AVP - Global IS Governance, Risk and Compliance (GRC)

We invite you to explore a future with us at PRA Group, a diverse and growing company that has a tangible impact on the global economy.

Position Summary: 

AVP, Global IS Governance, Risk and Compliance (GRC)

The AVP, Global IS Governance, Risk and Compliance (GRC) will lead a team of diverse individuals and will be responsible for working with stakeholders across all of PRA Group’s Business Units. The AVP, Global IS GRC’s role is to assess and oversee all technology-related governance, risk, and compliance issues within the Information Technology and Information Security Departments, including auditing, security training and awareness, policy and procedure build and review, disaster recovery, incident response and data integrity. This includes providing objective internal and third-party risk assessments of the company's compliance with regulatory, organizational, and commercial requirements governing the organization's information technology systems.

The AVP, Global IS GRC will direct the development and implementation of policies, procedures, standards, and controls to ensure that the organization's practices remain observant to all pertinent local, state/province/county and federal laws and industry standards.

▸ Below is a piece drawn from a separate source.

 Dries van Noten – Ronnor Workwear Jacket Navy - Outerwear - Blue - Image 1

The AVP, Global IS GRC will support the CISO with departmental operational tasks including budgeting, strategy, metrics development/delivery, and project alignment.

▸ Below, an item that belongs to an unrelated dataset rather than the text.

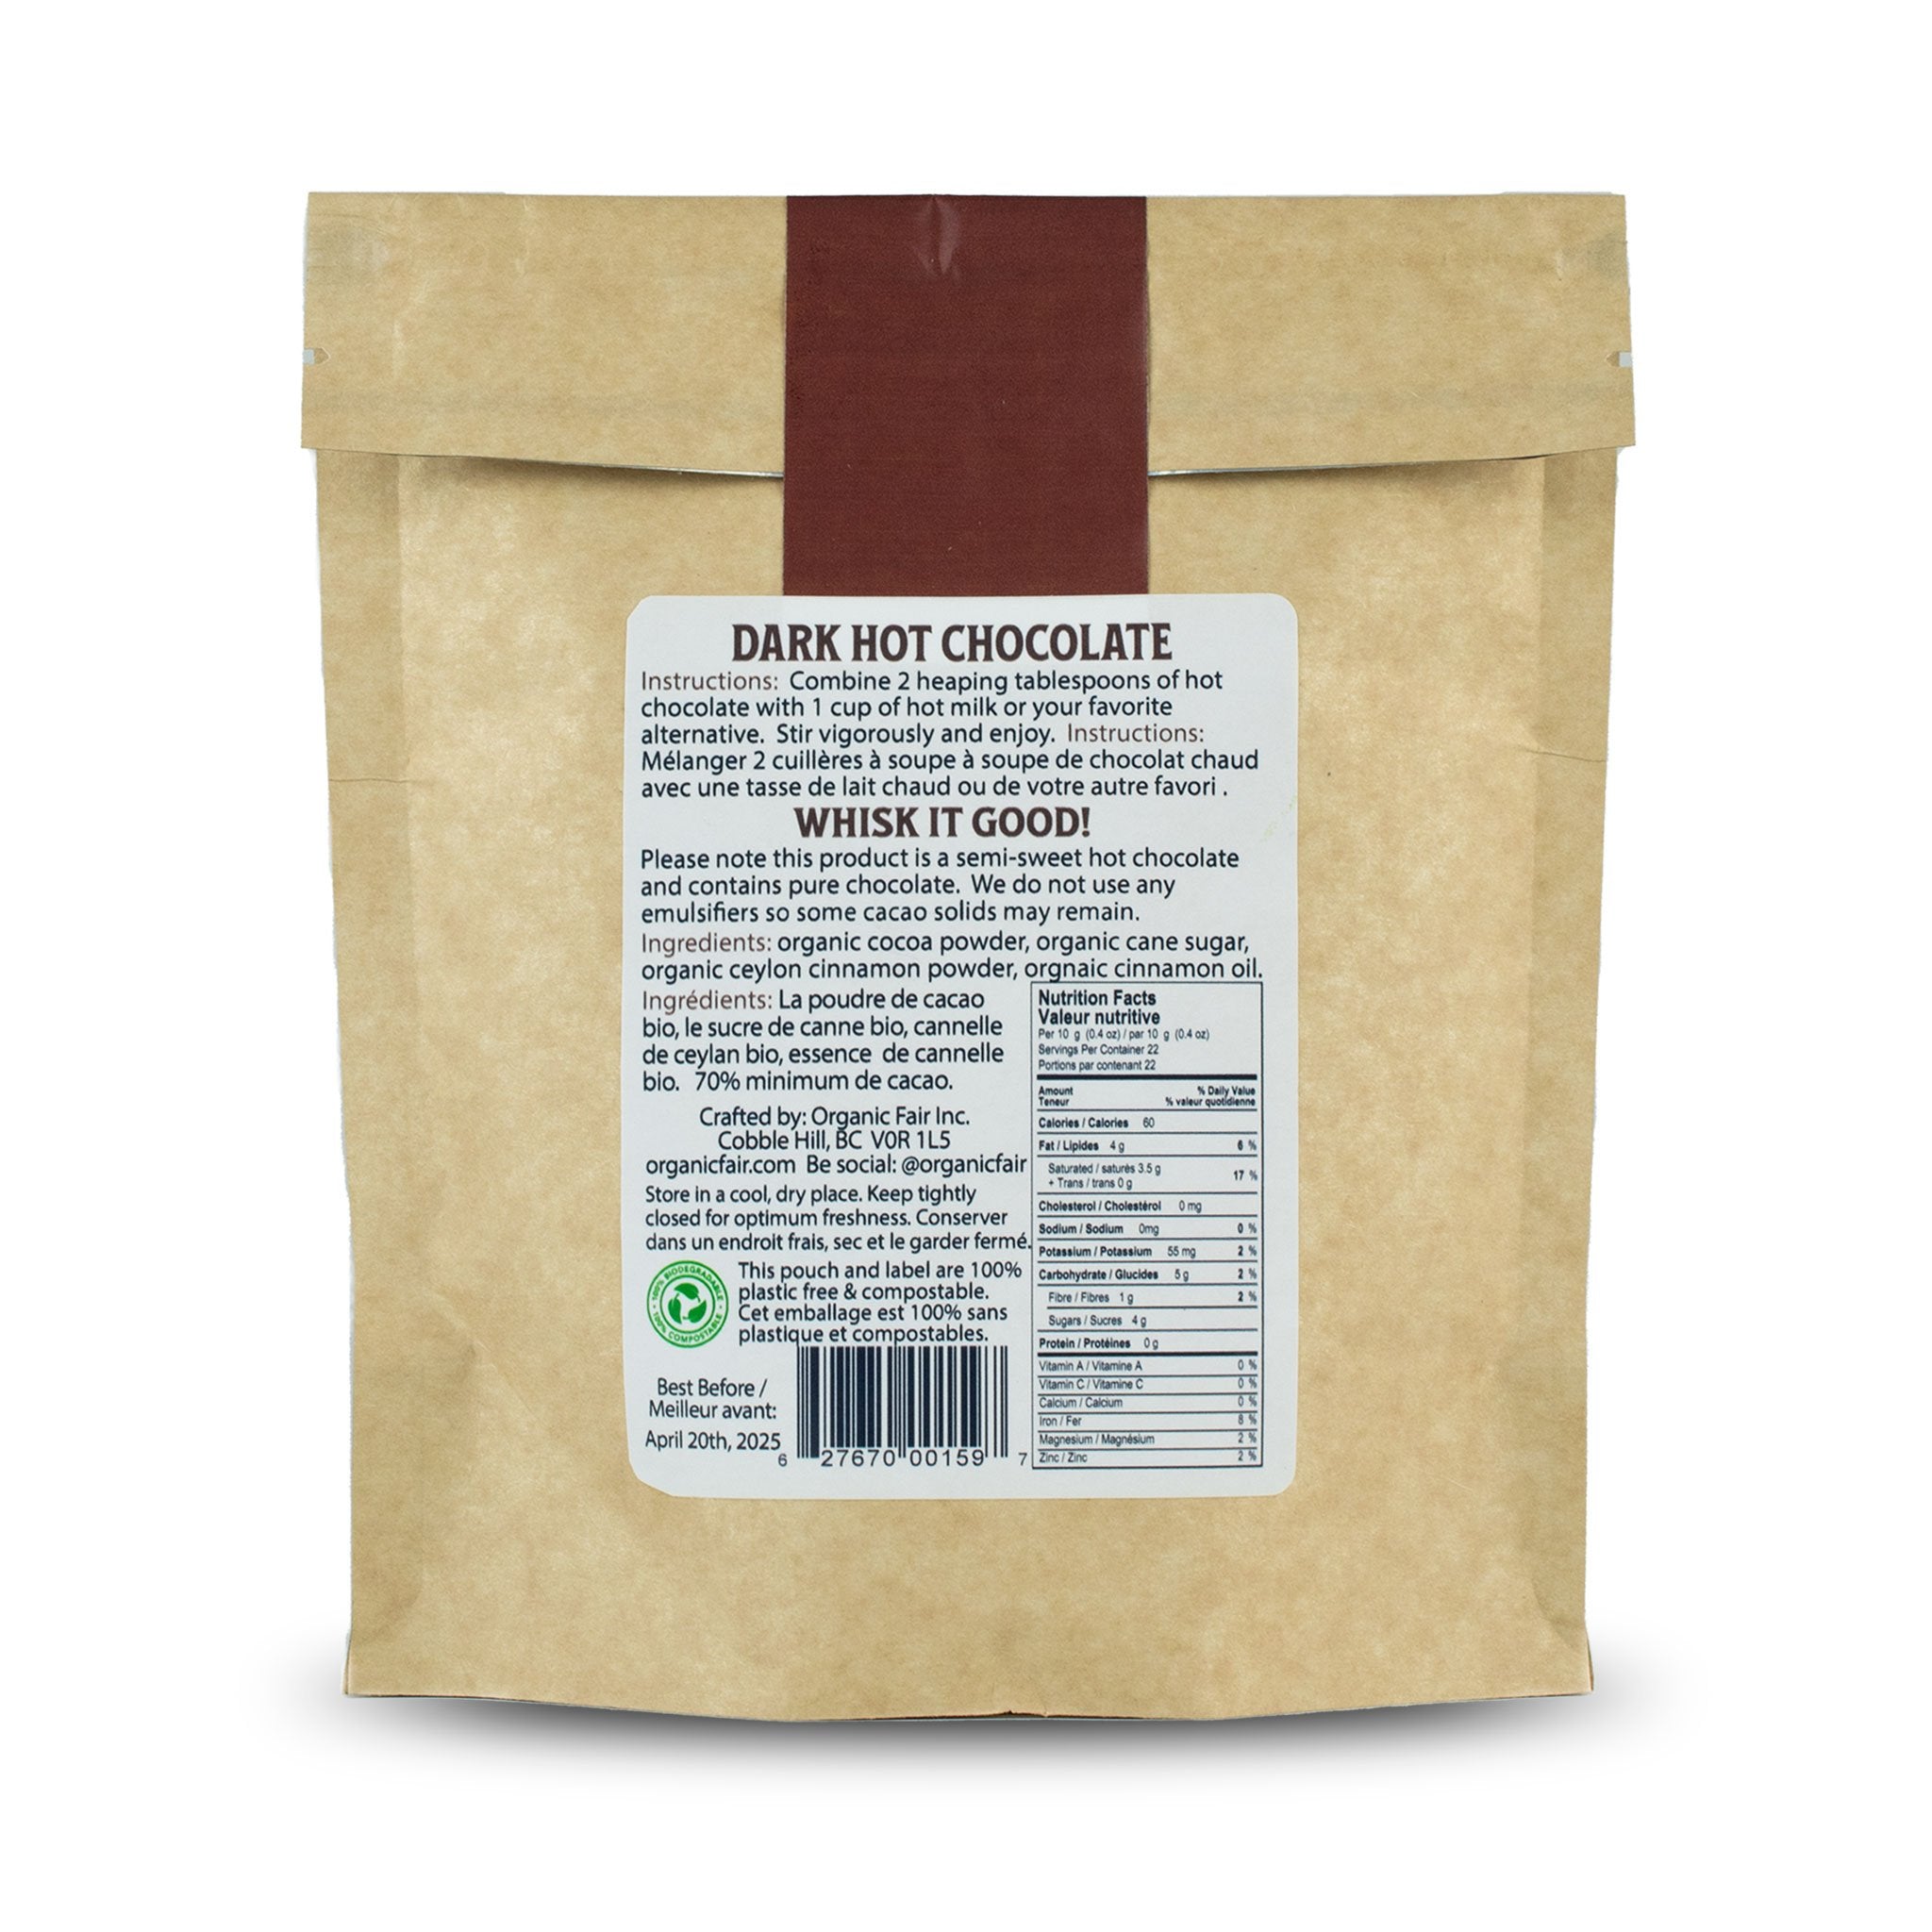 Dark Hot Chocolate - organicfair.com

In this role, the AVP, IS GRC will work directly with non-IT compliance professionals such as legal, audit and corporate compliance to ensure organizational alignment.

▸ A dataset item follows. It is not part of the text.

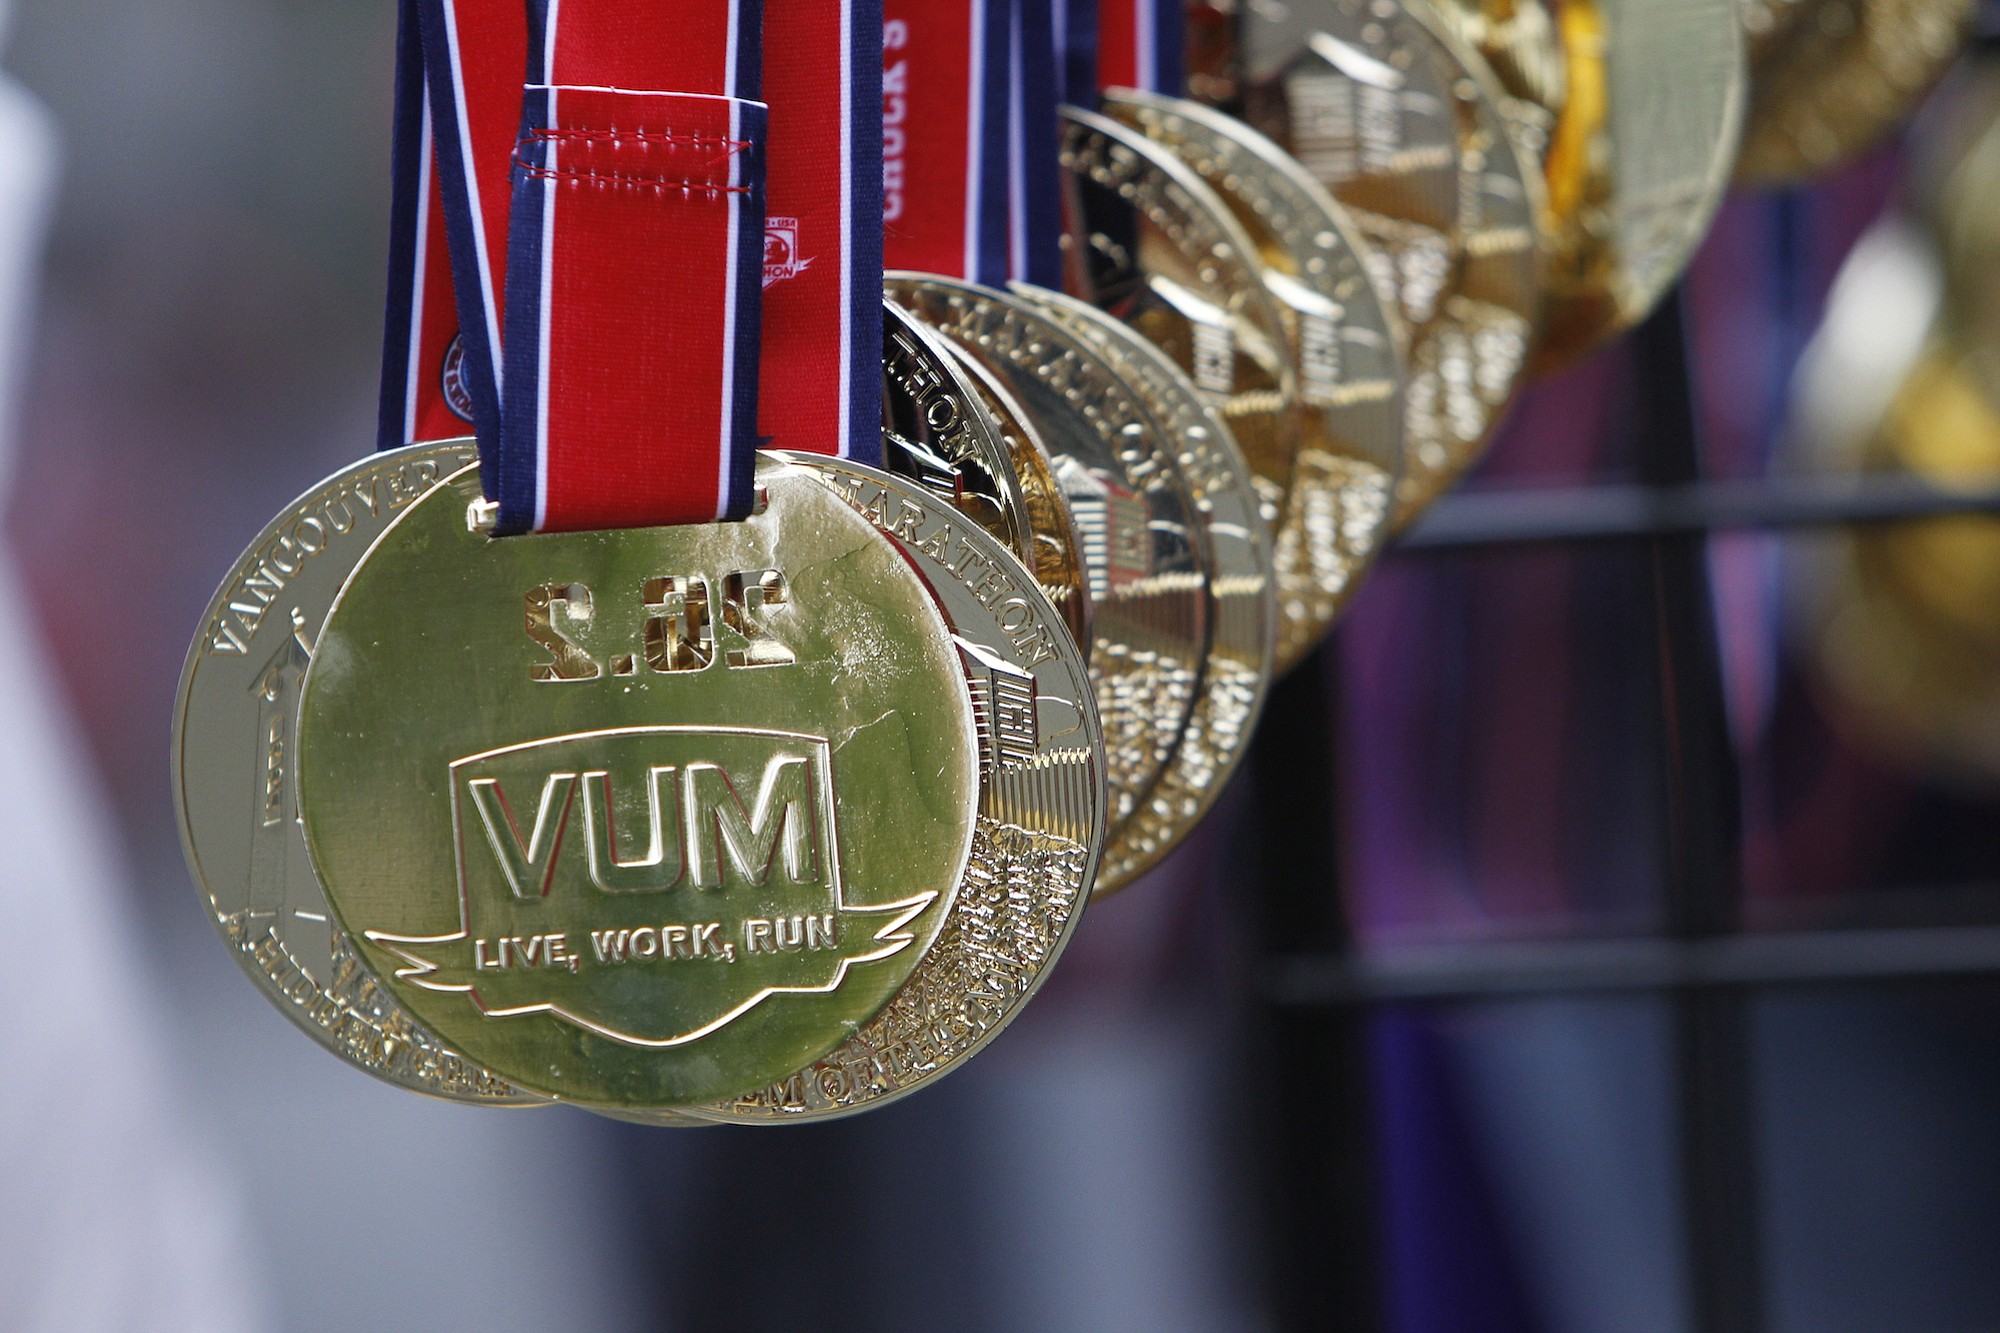 2014 Vancouver Marathon medals.

Required Education and Experience:

• Master's degree in Business Administration, Computer Science, Information Systems, Cybersecurity, or a related field.
• 10+ years’ experience in an information security environment, with a strong focus on Global Governance, Risk, and Compliance.
• 5+ years’ supervisory or management experience, preferably in a global organization.
• Strong experience with Governance, Risk, and Compliance frameworks, including IT control self-assessment, measurement, remediation, exception management, reporting, and advanced IT risk evaluation.
• Demonstrated expertise and leadership in risk frameworks.
• Strong knowledge of the Sarbanes-Oxley Act, System and Organization Controls (SOC) framework, ISO 27000 Framework, PCI-DSS, and SEC guidance related to audits of the internal control environment. Also, familiar with PIPEDA (Canada), GLBA, SOX (USA), LGPD (Brazil), and the Privacy Act 1988 (Australia.
• Strong background regarding audits, compliance, privacy (GDPR and DORA) and security provisions 
• Certifications such as CISSP, CISA, CISM, CRISC, or other relevant certifications are required.

Key Responsibilities:

• Develop and implement a Global GRC strategy that aligns with the organization’s objectives and risk appetite. Ensure integration of GRC activities with enterprise risk management and corporate governance frameworks.
• Ensure adherence to global financial information security and privacy regulations, including GDPR (Europe), PIPEDA (Canada), GLBA, SOX (USA), LGPD (Brazil), the Privacy Act 1988 (Australia), DORA (Europe), SOC2, and PCI-DSS.
• Monitor emerging risks, including technological advancements and regulatory changes, to proactively adjust GRC strategies.
• Foster a culture of risk awareness by leading training and awareness programs across the organization.
• Collaborate with cross-functional teams, including legal, audit, and corporate compliance, to ensure cohesive risk management practices.
• Oversee the continuous improvement of the GRC program, incorporating best practices and industry standards.
• Work directly with the data protection officer (DPO) and Privacy Program to ensure company adherence to data privacy and data governance requirements.
• Manage and develop teams’ knowledge on GRC and data privacy matters.
• Advise on GRC matters and recommend courses of action to the Chief Information Security Officer.
   

At PRA Group, we're committed to helping our employees reach their highest potential by offering competitive salaries with bonus structure, LTI, proprietary training programs, tuition reimbursement programs, comprehensive healthcare, health, dental and vision benefits, maternal and paternal leave, holiday pay and PTO, an employee assistance program, and valuable opportunities to establish a long career within our organization.

Salary Range:

$147,000.00 - $237,000.00

All qualified applicants will receive consideration for employment regardless of age, race, color, sex, gender, religion, national origin, physical or mental disability, citizenship, or any other classes recognized by state or local law or any other characteristic protected under applicable federal, state or local law. We are a drug free workplace.